◆ Collected data

------------------------------------------------------------------------

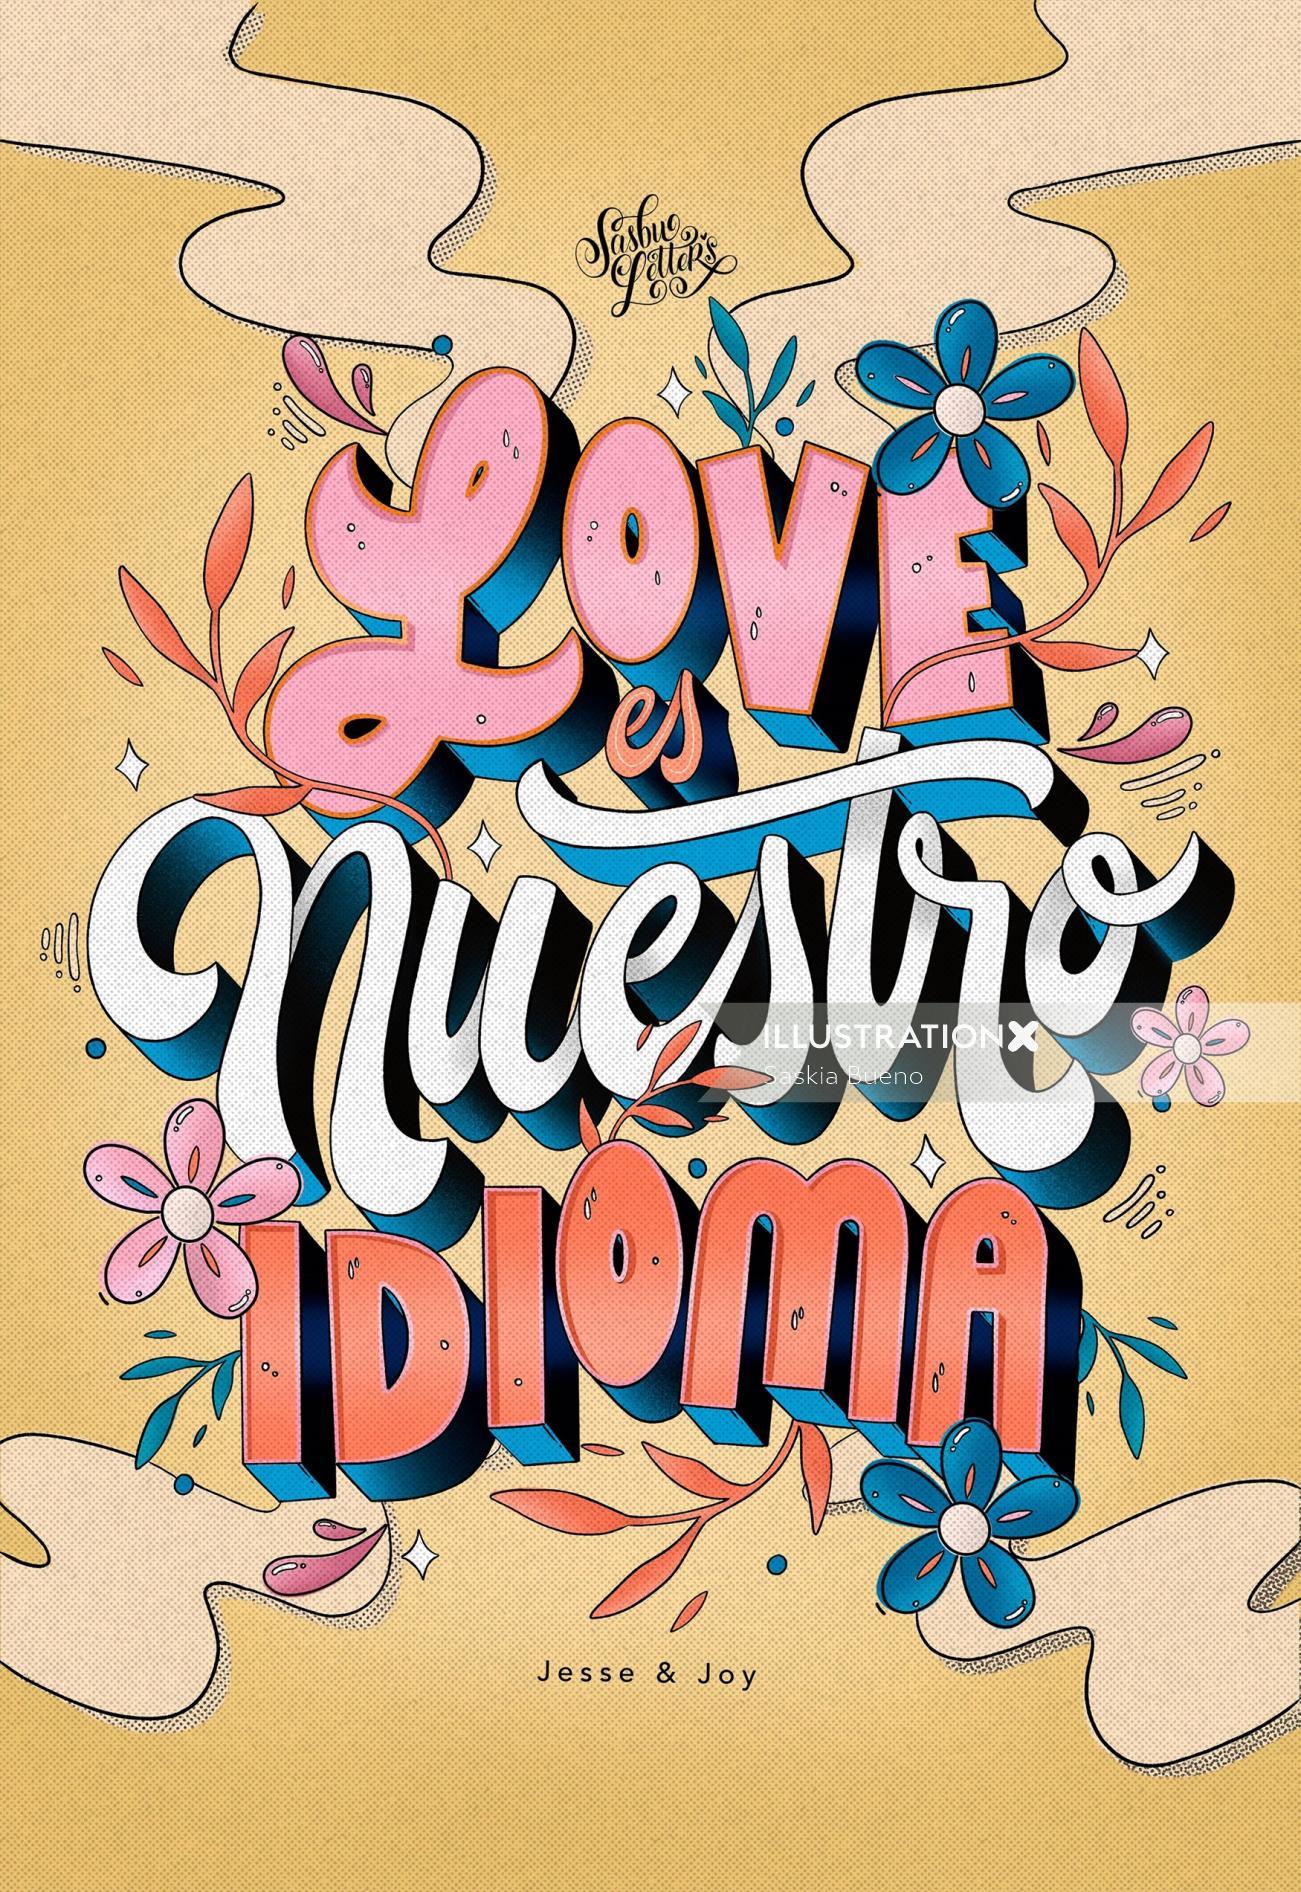 Love Nuestro Idioma lettering illustration
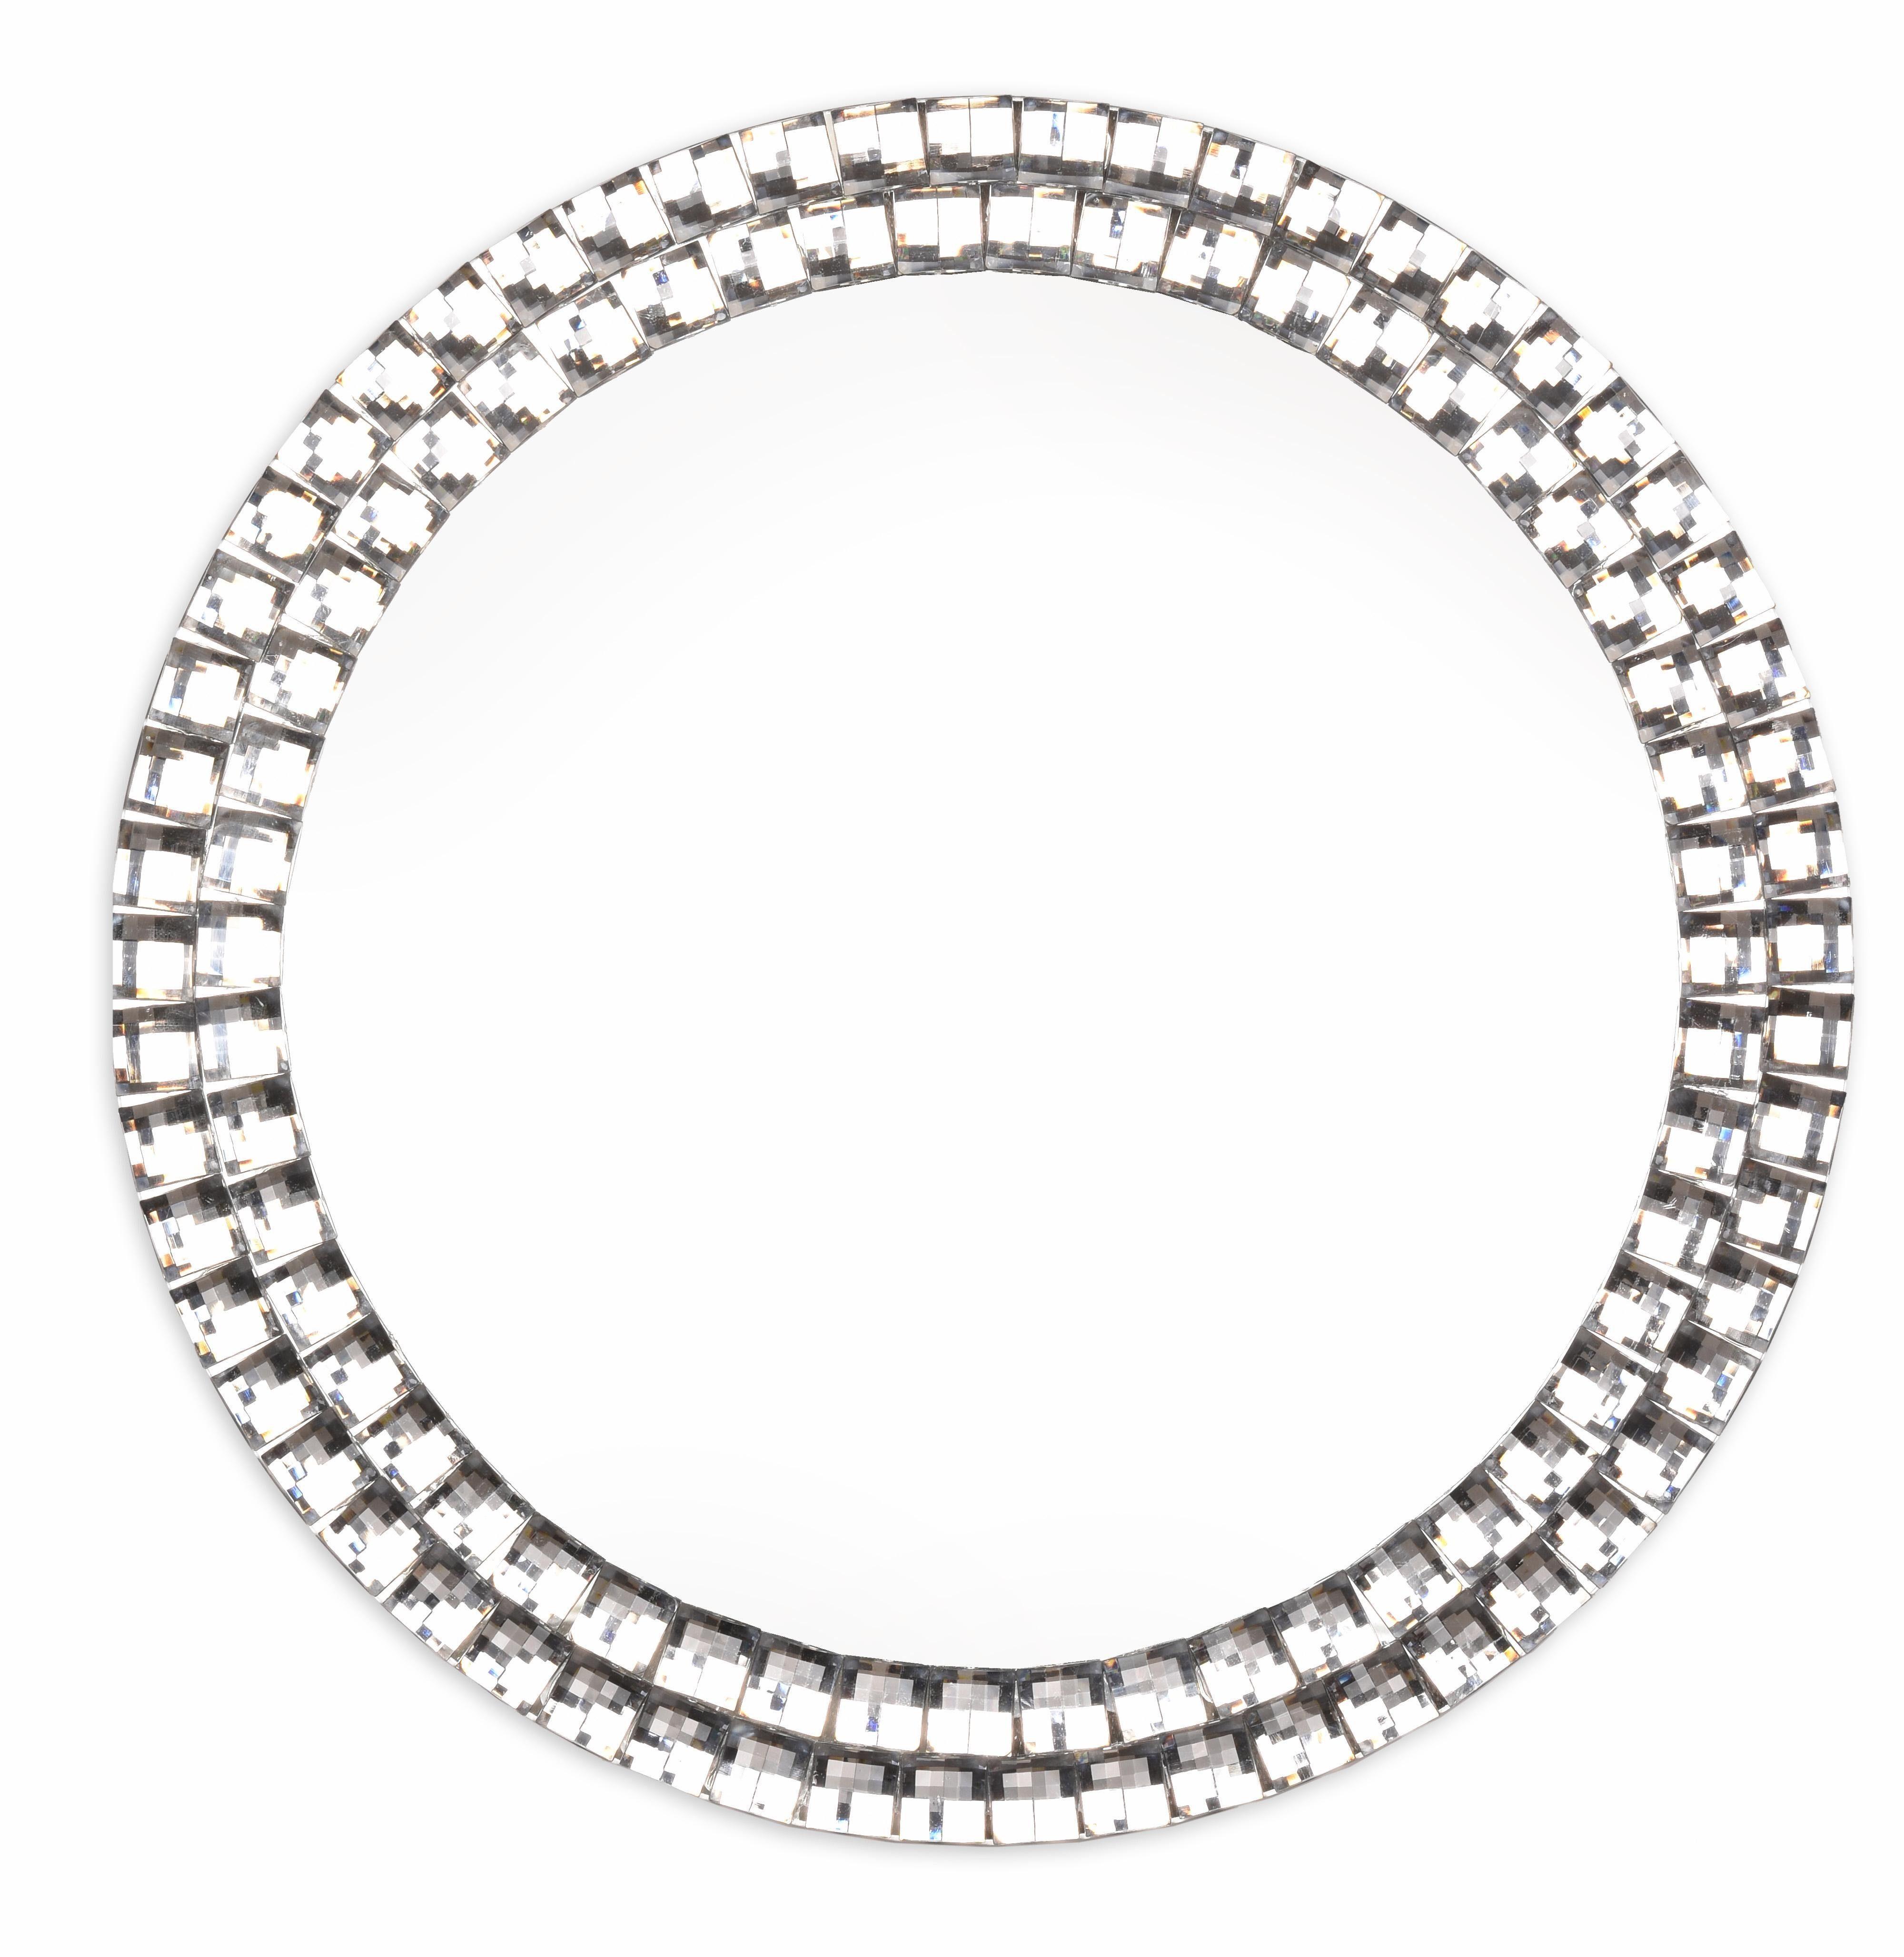 Home affaire, Spiegel »Jewelled Circular«, Ø 50 cm
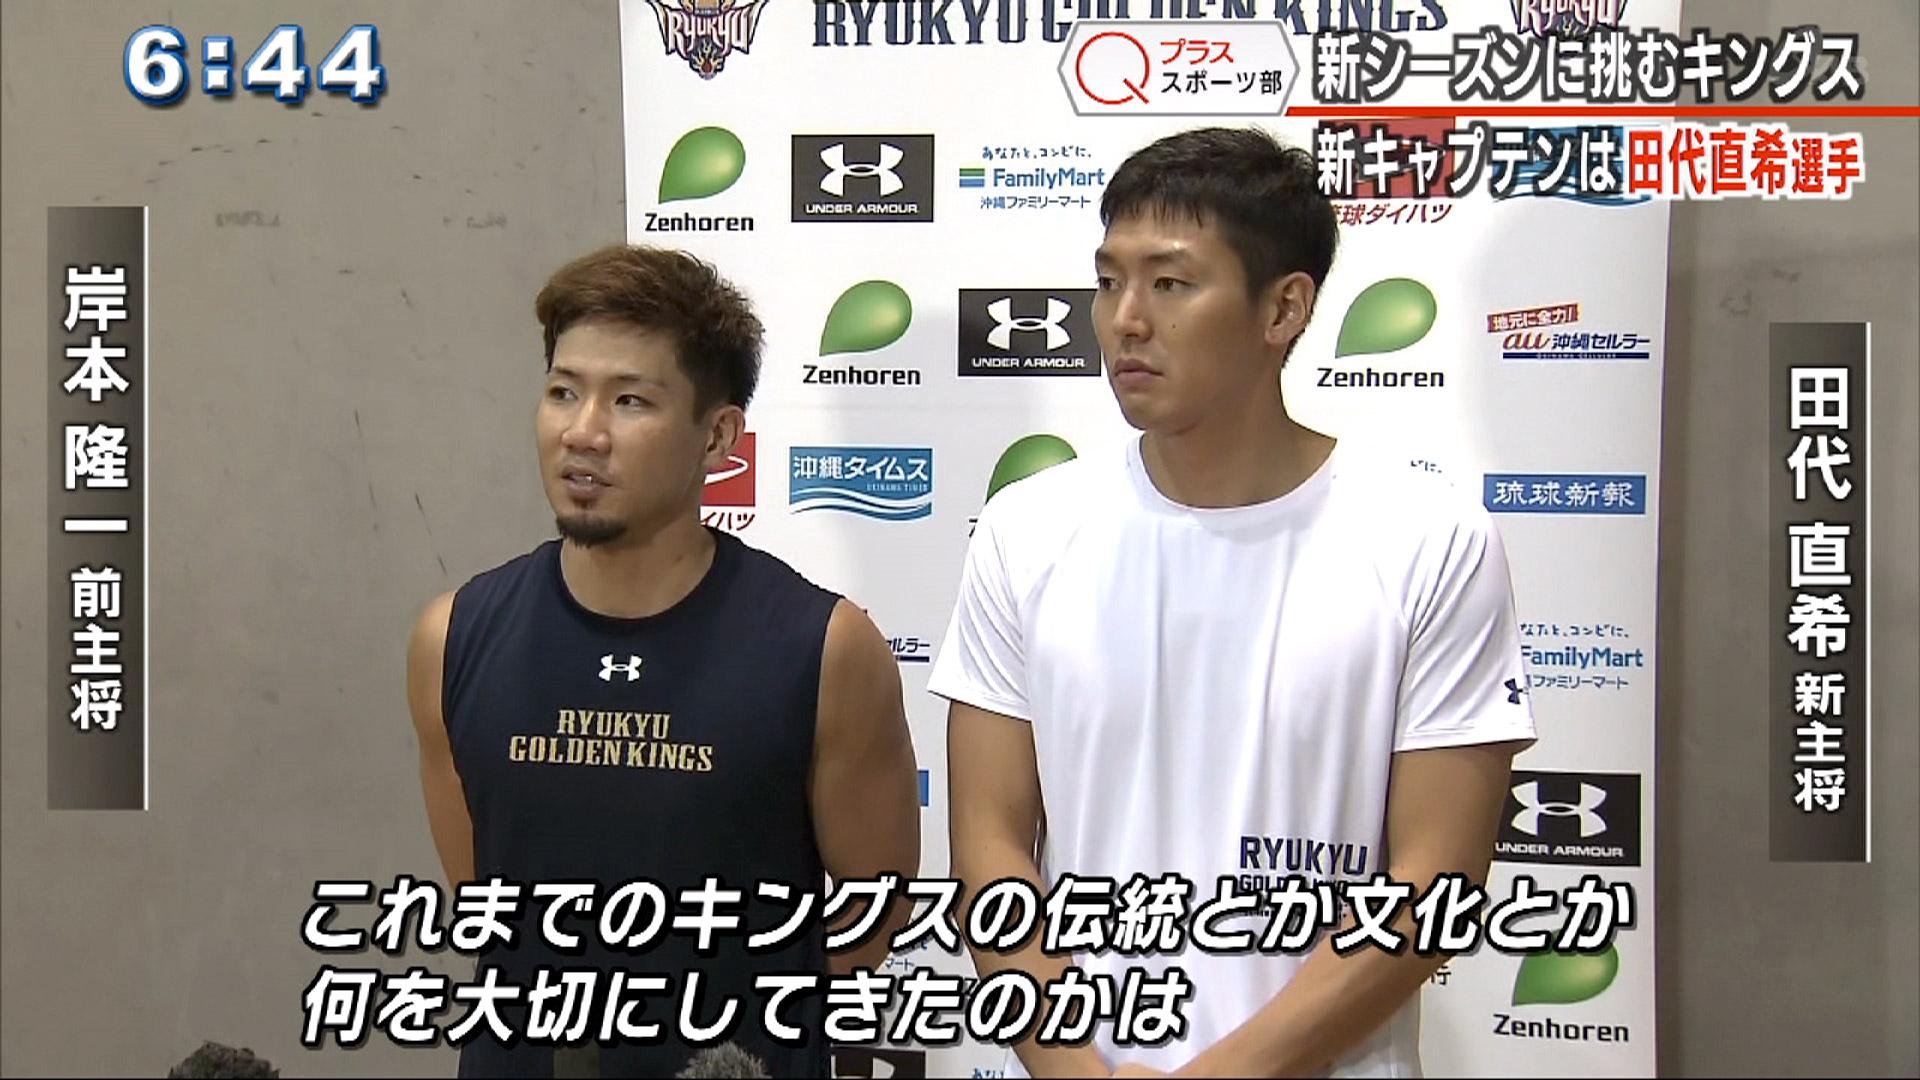 Qプラススポーツ部 新シーズンに挑むキングス 新キャプテンは田代直希選手

------------------------------------------------------------------------

◆ Work instruction
Output all of the data word for word, excluding any pictures.

◆ Response
 Love Nuestro Idioma lettering illustration
 Home affaire, Spiegel »Jewelled Circular«, Ø 50 cm
 Qプラススポーツ部 新シーズンに挑むキングス 新キャプテンは田代直希選手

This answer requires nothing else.